Pas le regard, — les mots qui disent le regard. Et je fais bien exprès de ne pas répondre à la question de savoir s’il joue ou bien s’il ne joue pas… Vous avez la réponse...
A la prochaine, si Dieu veut.
Une note fondamentale, pendant une conversation en MP avec Catherine Cléret : "Puis il s'éloigne à la longueur d'un bras"… vous vous souvenez du récit d'Horatio sur l'apparition du fantôme aux gardes ? "Séparé d'eux par la longueur d'un sceptre"… cette distance à la fois très courte et infranchissable. Ici, le sceptre est devenu le bras — il ne s'agit plus de royauté, il s'agit de tout à la fois. Catherine Cléret, très justement, appelle cela une "distance sacrée", comme '"d'envoûtement". C'est le plus proche et le plus lointain à la fois.

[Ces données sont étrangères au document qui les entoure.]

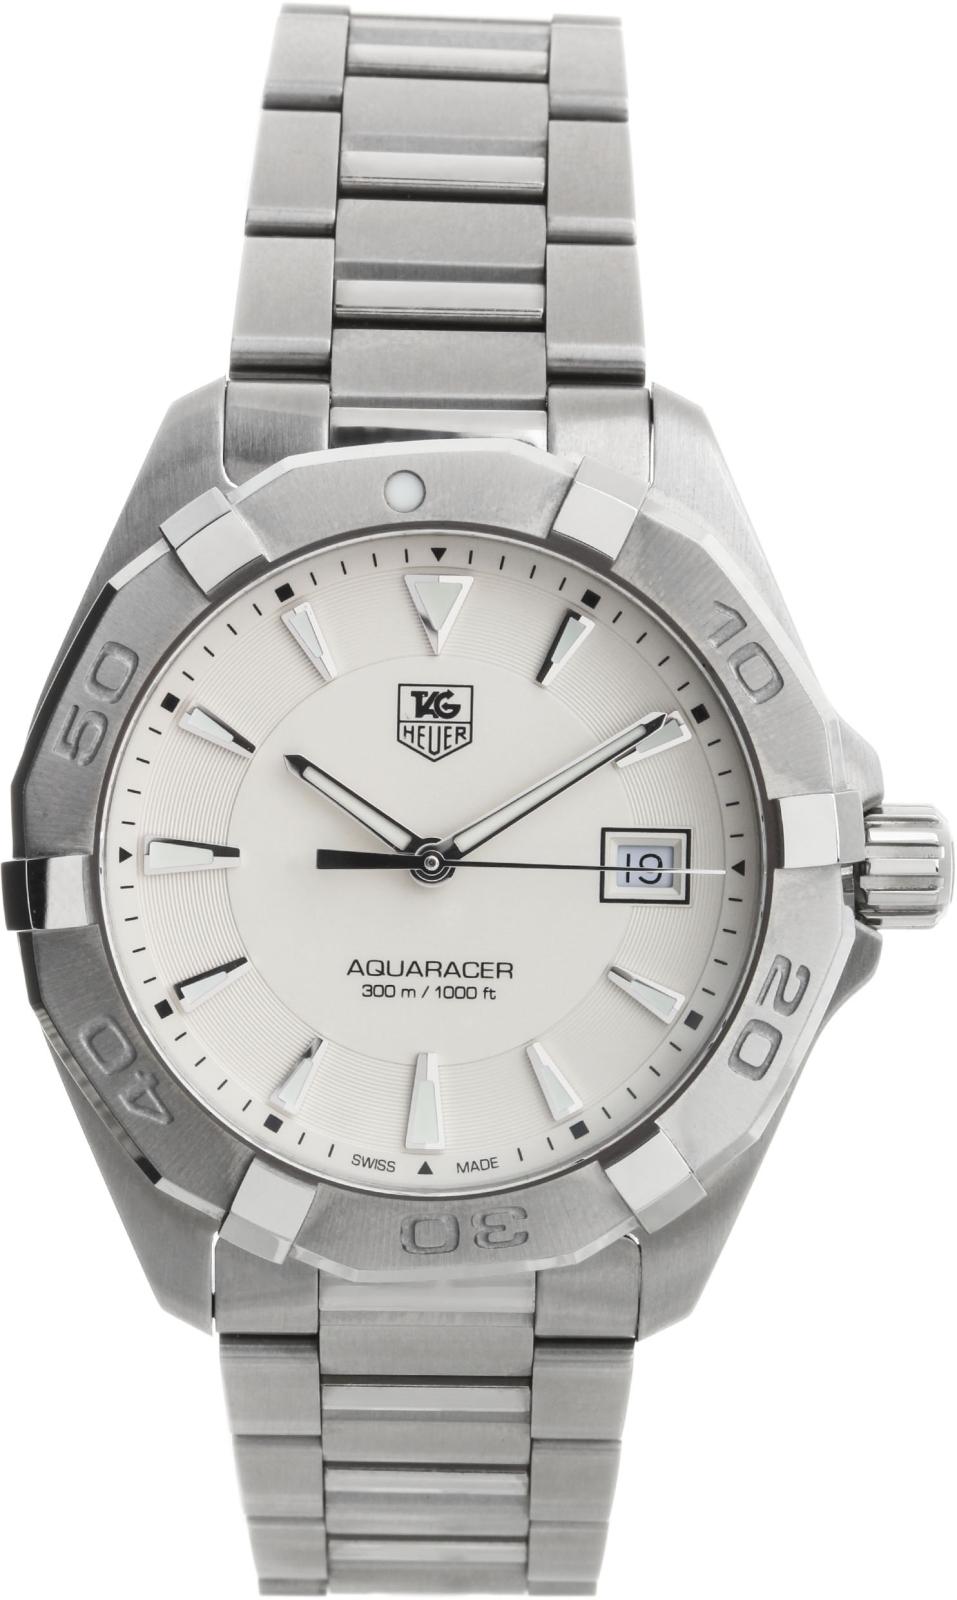 TAG Heuer Aquaracer WAY1111.BA0910Наручные часы<br>Швейцарские часы TAG Heuer Aquaracer WAY1111.BA0910<br><br>Для кого?: Мужские<br>Страна-производитель: Швейцария<br>Механизм: Кварцевый<br>Материал корпуса: Сталь<br>Материал ремня/браслета: Сталь<br>Водозащита, диапазон: 200 - 800 м<br>Стекло: Сапфировое<br>Толщина корпуса/: <br>Стиль: Классика

Ah... Que le sens apaise. Comble... Ce que Bernard Noel nomme "la sensure" de notre monde. La privation de sens qui dessèche l'esprit et épuise l'être.
Et moi qui avais émis l'hypothèse, dans le travail, que cette scène avait été un adieu, mais sensuel, d'Hamlet à Ophelie... Je m'étais arrêté à la surface, les vêtements en désordre, l'exaltation... Mais oui, Orphée, Enée, Ulysse...
Décidément, Hamlet est bien la pièce-monde. Aussi riche qu'ouverte.

Ta démarche, et je me permets ici si tu le veux bien ce tutoiement de la fraternité ressentie, ta démarche est la plus authentiquement généreuse que j'aie vue ici : le partage du sens, comme celui d'un élément aussi vital que l'eau ou l'air. Le partage sans droits d'auteur, le seul partage qui en mérite le nom.
Merci, donc, je respire un peu grâce à toi.